SXSW Interactive is a "choose your own adventure" type of conference. Of the 10K+ attendees, everyone walks away with their own unique SXSW experience. At times there are no less than 10 panels / talks / workshops happening concurrently, ranging across the entire spectrum of web-related disciplines. When you first glance at the schedule, you get this overwhelming feeling that there's just too much to do and too little time to absorb it all. You feel a sort-of anxiety as you worry you'll miss something big which everyone will be talking about after the fact.

After your first day, you start to get the hang of things. You've attended some interesting talks and you start to feel this re-invigoration about the web and your place within it all. Sure, you've surfed the web countless times before, read blogs, viewed vlogs, etc.. but you start to feel a special sort of energy which can only exist once you put all these intelligent web-citizens together under one roof.

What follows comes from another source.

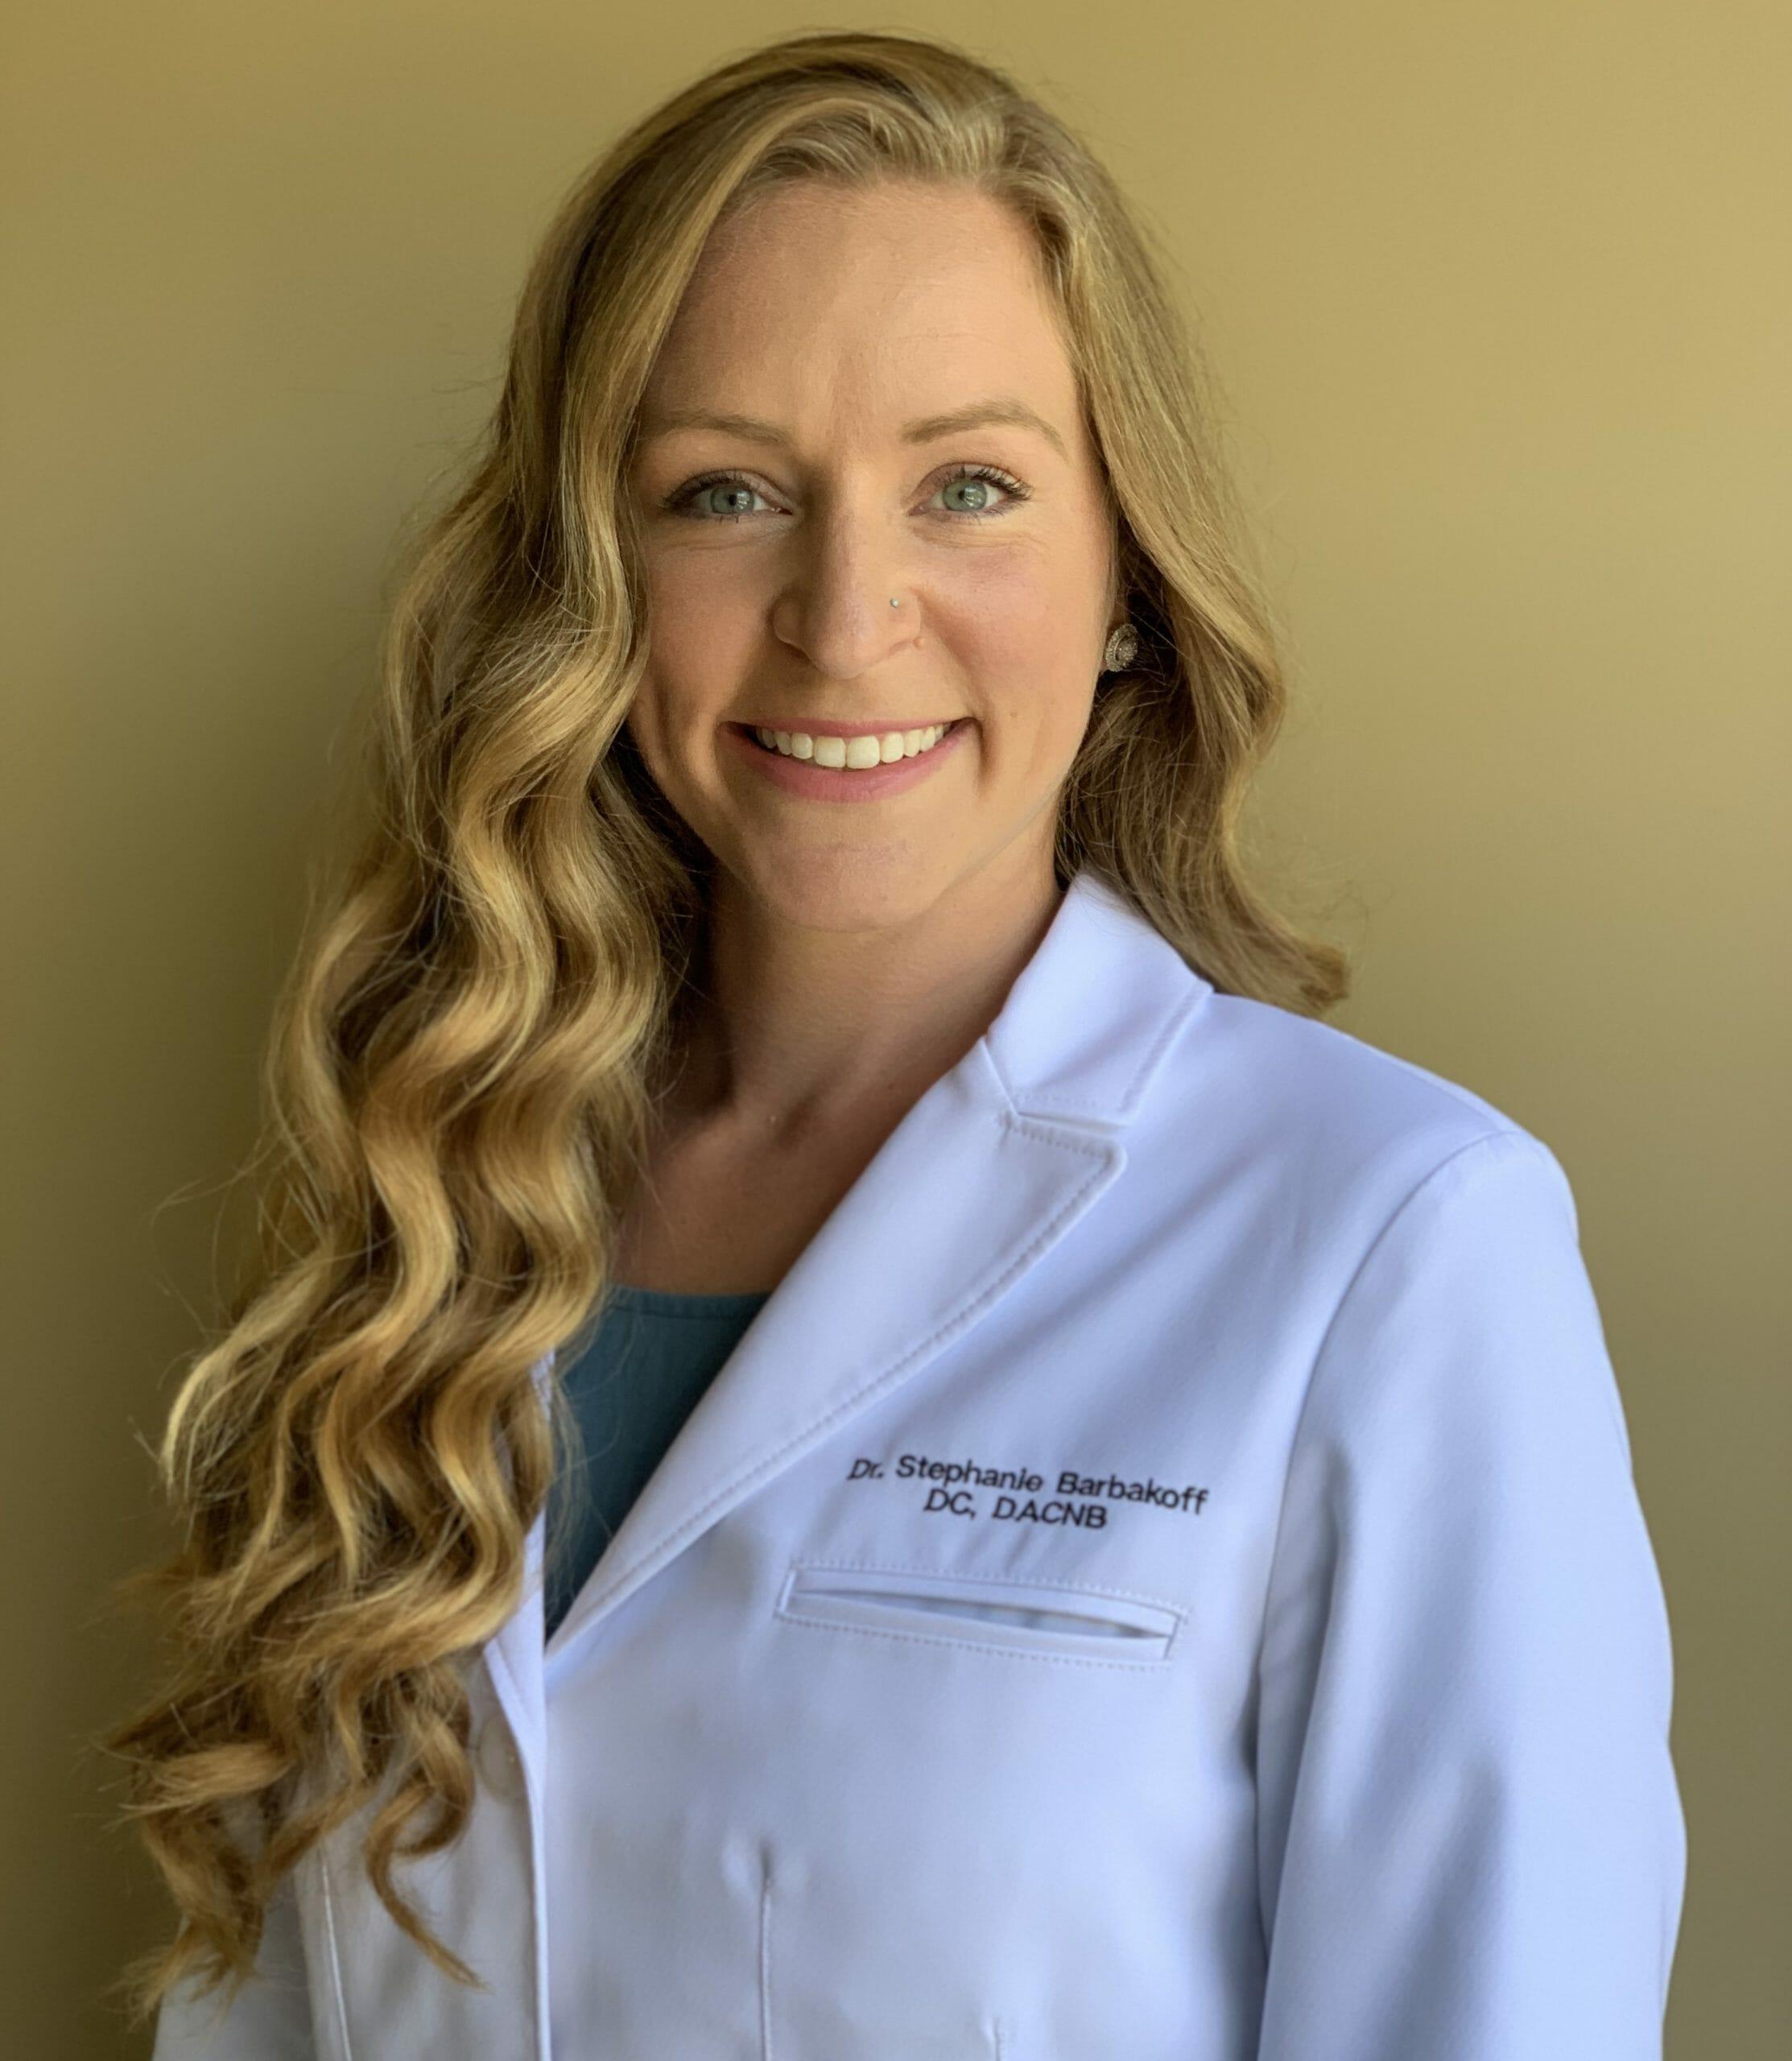 Dr. Stephanie Barbakoff DC, DACNB

You meet people at random. Strangers, which quickly become familiar to you as you realize how much the web gives you in common. You may have never heard of company XYZ, but you appreciate the fact that everyone has their own place on the web. When the common "What do you do?" question comes up, you start answering more precisely, which you couldn't do back home, because the people here "get it". You're no longer an "Internet person" but instead a master of your web discipline(s), which is nice to explain without the usual blank stares in response.

Following the presentations throughout the day, the after-parties are another way to meet like-minded people. It's a chance for the more reserved individuals to come out of their shells (be it with or without the help of a little liquid courage). Who could judge you for who you are when you attend something like a geeky beach party hosted by a web-hosting company or karaoke party hosted by a design company?

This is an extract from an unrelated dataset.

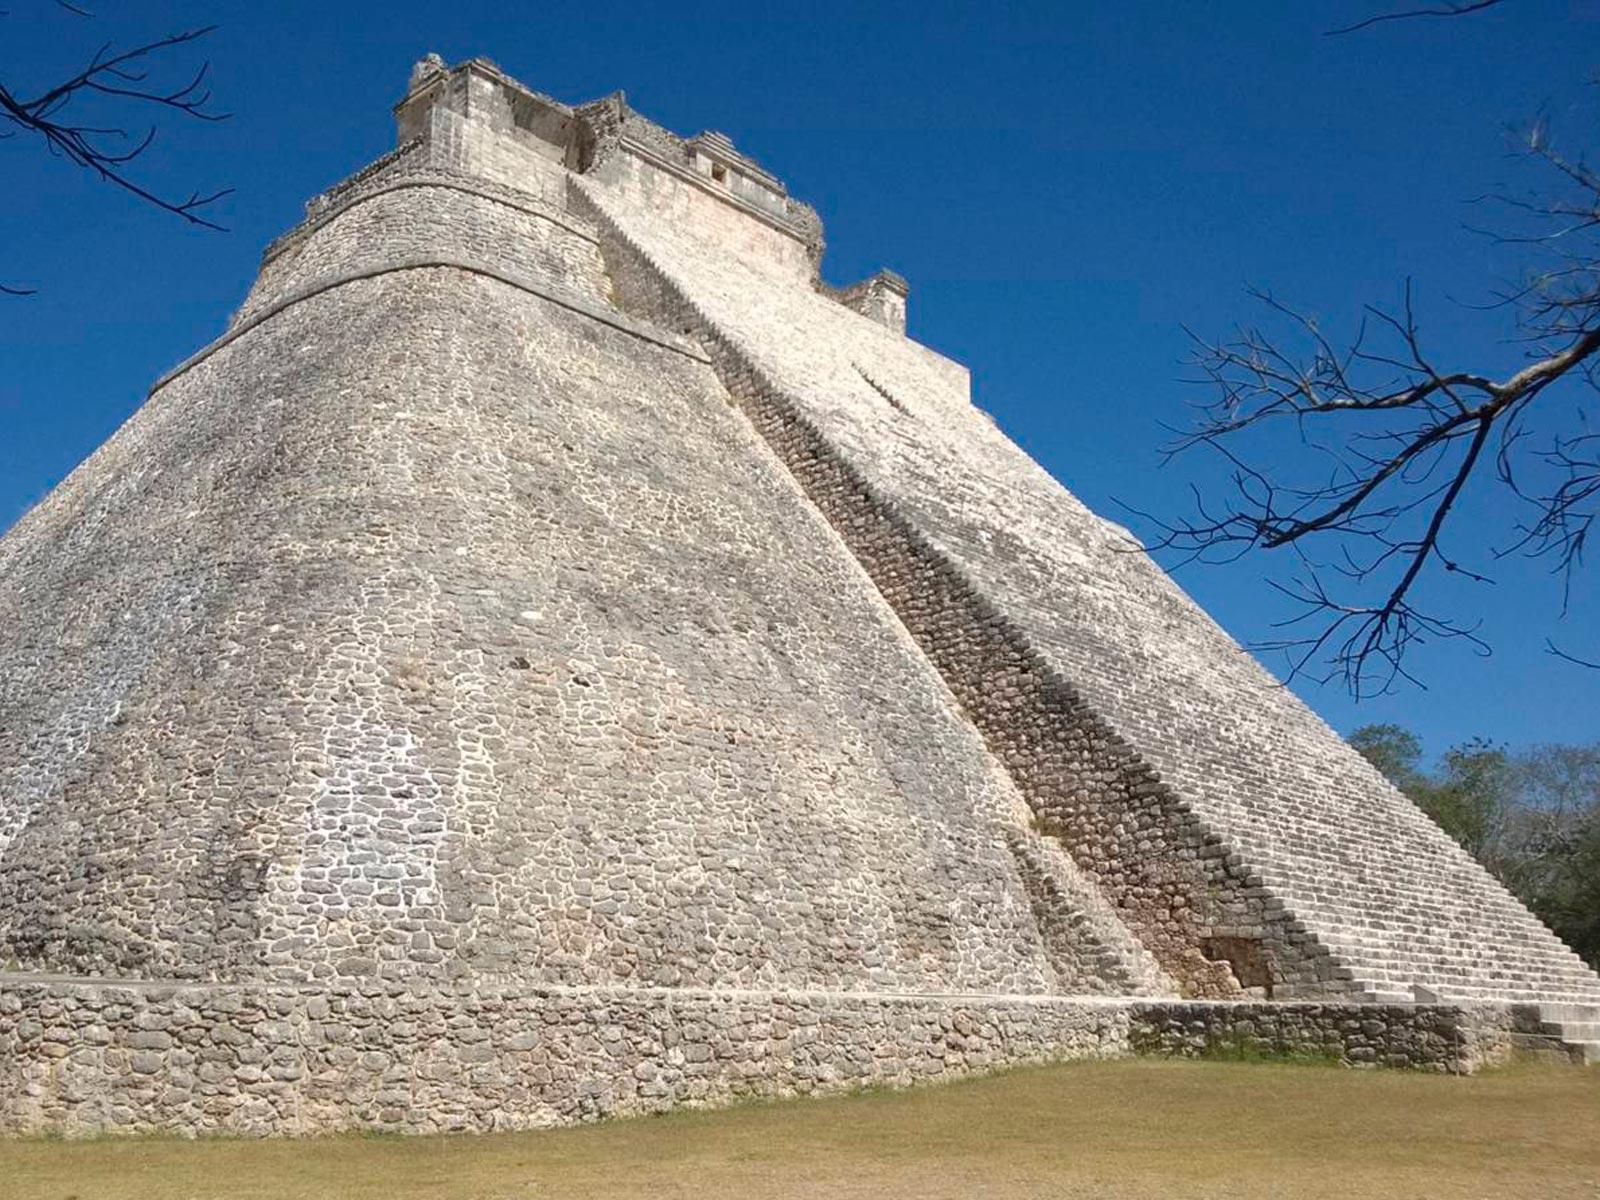 Messico-mexico-piramide-maya-calakmul

Despite all the positive points, however, no conference of such magnitude is free of problems. Certain panels thinly guise themselves as a general discussion but end up more as a promotional effort. Commercial presence is ever apparent as targeting the web crowd could inevitably turn a profit. Some other discussions feel more like a summary of what we already know as opposed to a step into unchartered territory. Some panelists can, at times, not agree on the discussion's topic which unfortunately results in a back-and-forth with little overall progress made. As a result, you become accustomed to leaving a presentation which isn't going your way. You cut your losses and slide into another presentation which quickly rectifies the problem.

At the end of the day, during various down times, or maybe only once you get back to your normal life, you absorb and reflect on the information overload which you've been a part of. This is where things come together. You look at routine portions of your web work a little differently now. You make small, seemingly insignificant changes to the way you do things, yet in fact, these same changes could have taken you months to uncover or may never have happened at all. This is the underlying value of SXSW. This is why people come to SXSW.